Дверь плавно открылась. На пороге стоял плечистый мужчина в форме. Мужчина был высоким, поэтому сидевшей Катерине не было видно его погон. Да и не сильно интересовали ее погоны. Куда интереснее было сочетание горбатого носа с чеканным, будто высеченным из мрамора подбородком. Согласно физиогномике, горбатый нос свидетельствует о великодушии, а твердый подбородок – о волевом характере. Великодушный сильный мужчина с фигурой атлета – это же идеал! И не только с точки зрения искусства. Если же еще у него и голос приятный…
– Пошептаться бы, – замечательным бархатным баритоном сказал мужчина и добавил: – Срочно.
– Подождите, пожалуйста, в коридоре, – попросил Катерину следователь.
Идеал тут же померк. Разве прилично выставлять женщину, посетительницу, в коридор. Если вам, дорогие друзья, срочно приспичило пошептаться, так извольте сделать это в коридоре!

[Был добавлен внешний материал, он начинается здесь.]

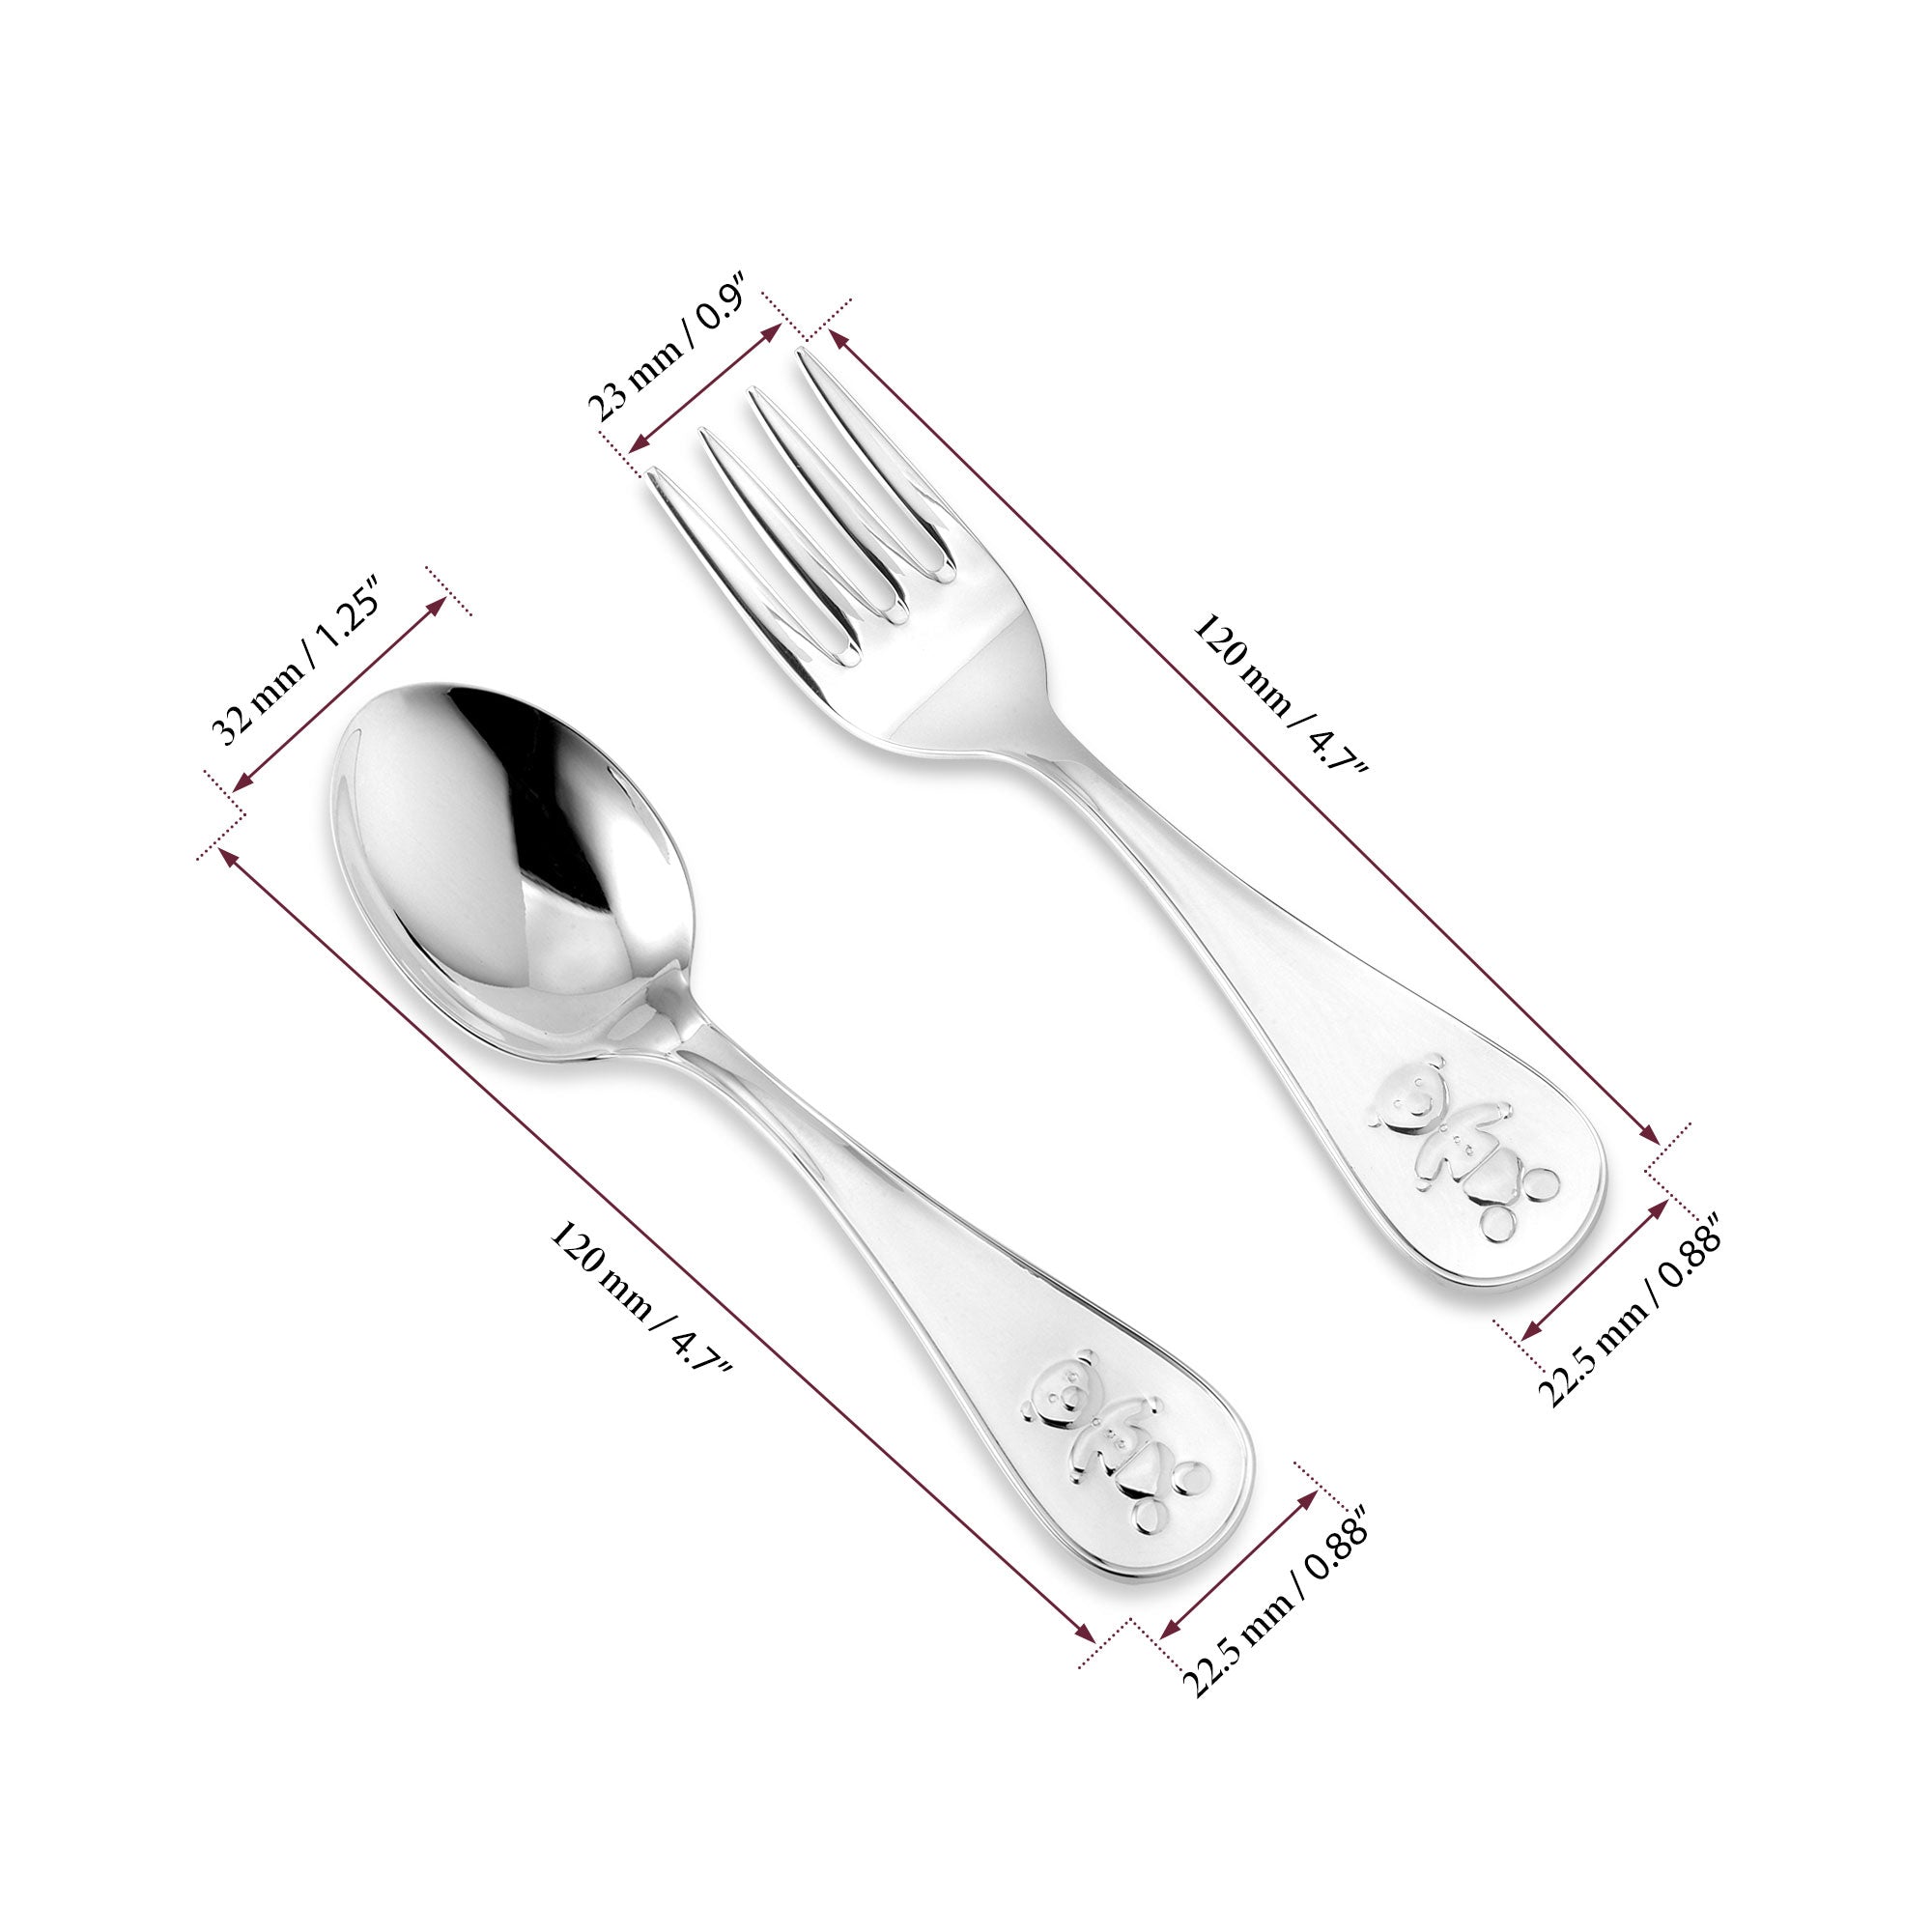 Sterling Silver 925 Baby Spoon and Fork Set Wide Keepsake Teddy Bear Design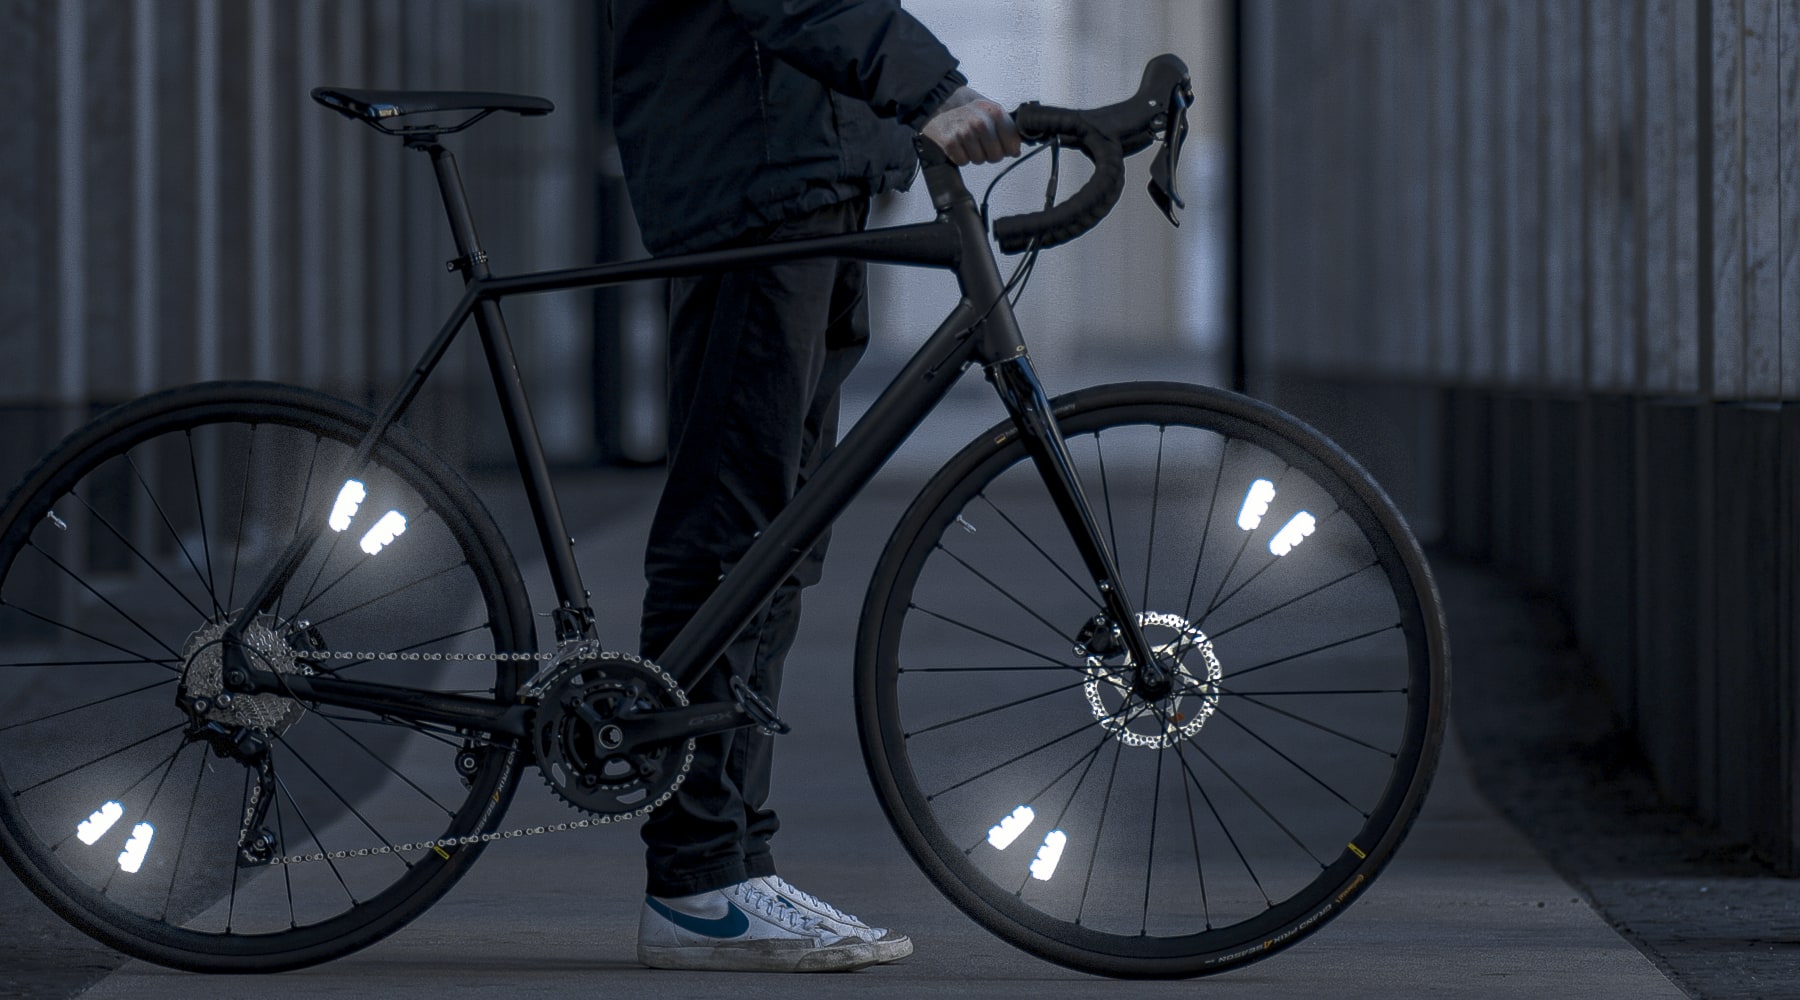 FLECTR ZERO - The performance spoke reflector for your bike

Этикет был пунктиком Катерины. Даже больше – навязчивой идеей. Когда в ее присутствии ели руками или сморкались при помощи двух пальцев, ей становилось плохо не только морально, но и физически. Что-то противное начинало ныть и вибрировать внутри. Ну а если не ныло и не вибрировало, то всегда приходило огорчение. Как же так можно? Почему? Подруги смеялись, называли Катерину «чокнутой перфекционисткой», «герцогиней Монпансье» и много как еще. Катерина удивлялась, иногда обижалась.
Уже в коридоре, сидя на неудобной жесткой банкетке (вот почему их называют медицинскими, если они стоят повсюду, не только в поликлиниках?), Катерина сообразила, что следователь не мог поступить иначе, не мог оставить ее одну в кабинете. У него же там важные документы, в том числе касающиеся и ее самой. Мало ли что… Он же даже все бумажки на столе перевернутыми держит, как учил капитан Жеглов из «Места встречи». Так что можно не обижаться… А еще она поняла, что в том мире, где она очутилась по нелепой прихоти судьбы, существуют иные правила. Об этикете можно забыть. Надолго. В худшем случае на десять лет, в лучшем – на три года. Разные люди станут отдавать ей повелительным тоном приказы, а она станет их исполнять. «Заключенная Ютровская, стоять! Лицом к стене!» Или заключенных называют по номеру? По номеру это не просто ужас, а ужас-ужас-ужас. Потерять имя – это все равно, что потерять себя. Жалость к себе спазмом сдавила горло. Ну почему она такая несчастная? Ну почему жизнь к ней так несправедлива? Почему она играет с ней так жестоко? Приподнимает и тут же шмякает о землю? Не для того приподнимает, чтобы порадовать, а только для того, чтобы размахнуться посильнее, чтобы шмякаться было больнее. За что?! За что?! За что?!!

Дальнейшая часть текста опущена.